The Seventh and Tenth Commandments
“The Seventh Commandment prescribes the practice of justice and charity in the administration of the goods of the earth and of the fruits of the work of men” (2451), reads the Catechism’s summary related to this law of God. Operative language throughout are expressions like: the common good, human dignity, fundamental needs, human solidarity – in short, terminology from the Church’s social encyclicals, but especially the thought of Pope John Paul II. While clearly and strongly supporting the right to private property, the text reminds us that that right is not absolute, for the earth was originally given “to the whole of humanity.” Hence, “the universal destination of these goods remains fundamental” (2403); this requires of public authority the regulation of “the legitimate exercise of the right to property” (2406).
As we look at how people should approach temporal goods, Christians will be guided by “the practice of the virtue of temperance, to moderate the attachment to worldly goods,” as well as justice and solidarity. Theft is a clear violation of the Seventh Commandment and of justice; it is defined as “the usurpation of the goods of another against the reasonable will of the owner.” However, it is not a question of theft if the consent of the owner is presumed or “if the refusal is contrary to reason and the universal destination of goods.”
In other words, basic human needs (like food, shelter and clothing) supersede one’s right to private property. Other sins against justice include: deliberate retention of lost or stolen goods; fraud in commerce; paying unjust wages; price-fixing.
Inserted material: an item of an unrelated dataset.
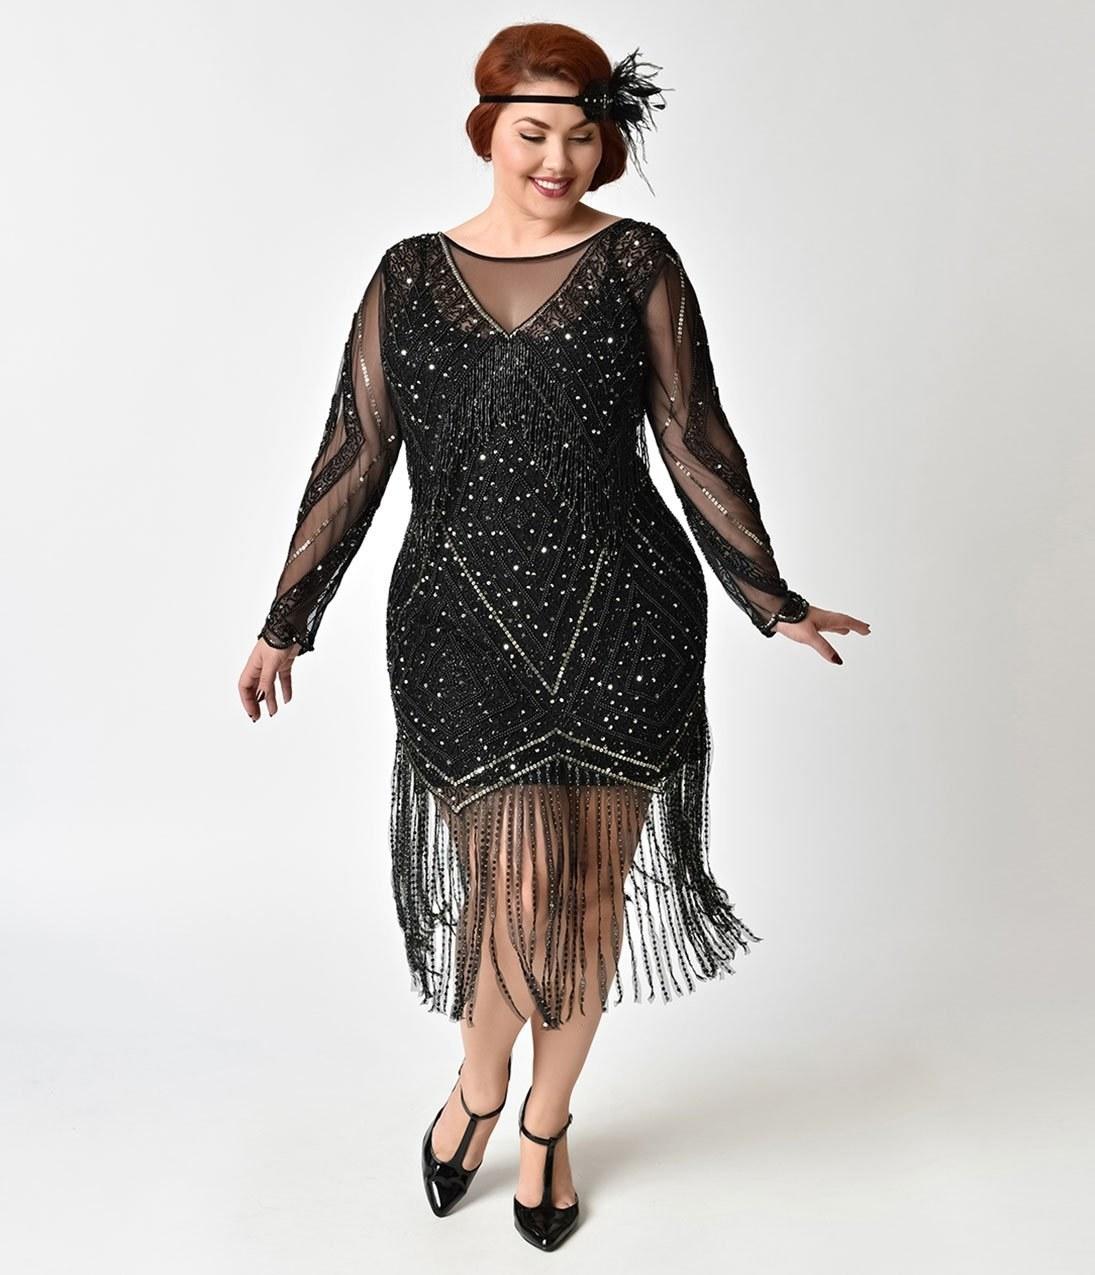 Formal Dress Costume

Similarly, one is obliged to honor promises and contracts and to pay one’s debts. When injustice has been done, reparation must be made.
“Games of chance or betting are not in themselves contrary to justice. They become morally unacceptable when they deprive the person of what is necessary to provide for his needs and those of others” (2413). Again, one can see Catholic moderation here – no unnecessary blanket condemnations but a call to use right judgment or prudence, with a proper sense of priorities. Slavery is proscribed because treating people like merchandise is a denial of their personal dignity.
Also obligatory is what “political correctness” today might label “an ecological sense.” Although the Catechism notes that man was given dominion over all creation, it also reminds us that this is not absolute: “It is measured by the care for the quality of life of the neighbor and takes into account coming generations; it demands a religious respect for the integrity of creation” (2415). A tender love for animals is counselled, relying on the example of saints like Francis of Assisi or Philip Neri; but this is not lop-sided, for it also acknowledges the right to use animals for food and clothing, as well as for medical experimentation to benefit man – albeit not to cause them useless suffering. At the same time, the Catechism chastises those who spend inordinate amounts of money on animals, resources that could be better used to alleviate human misery.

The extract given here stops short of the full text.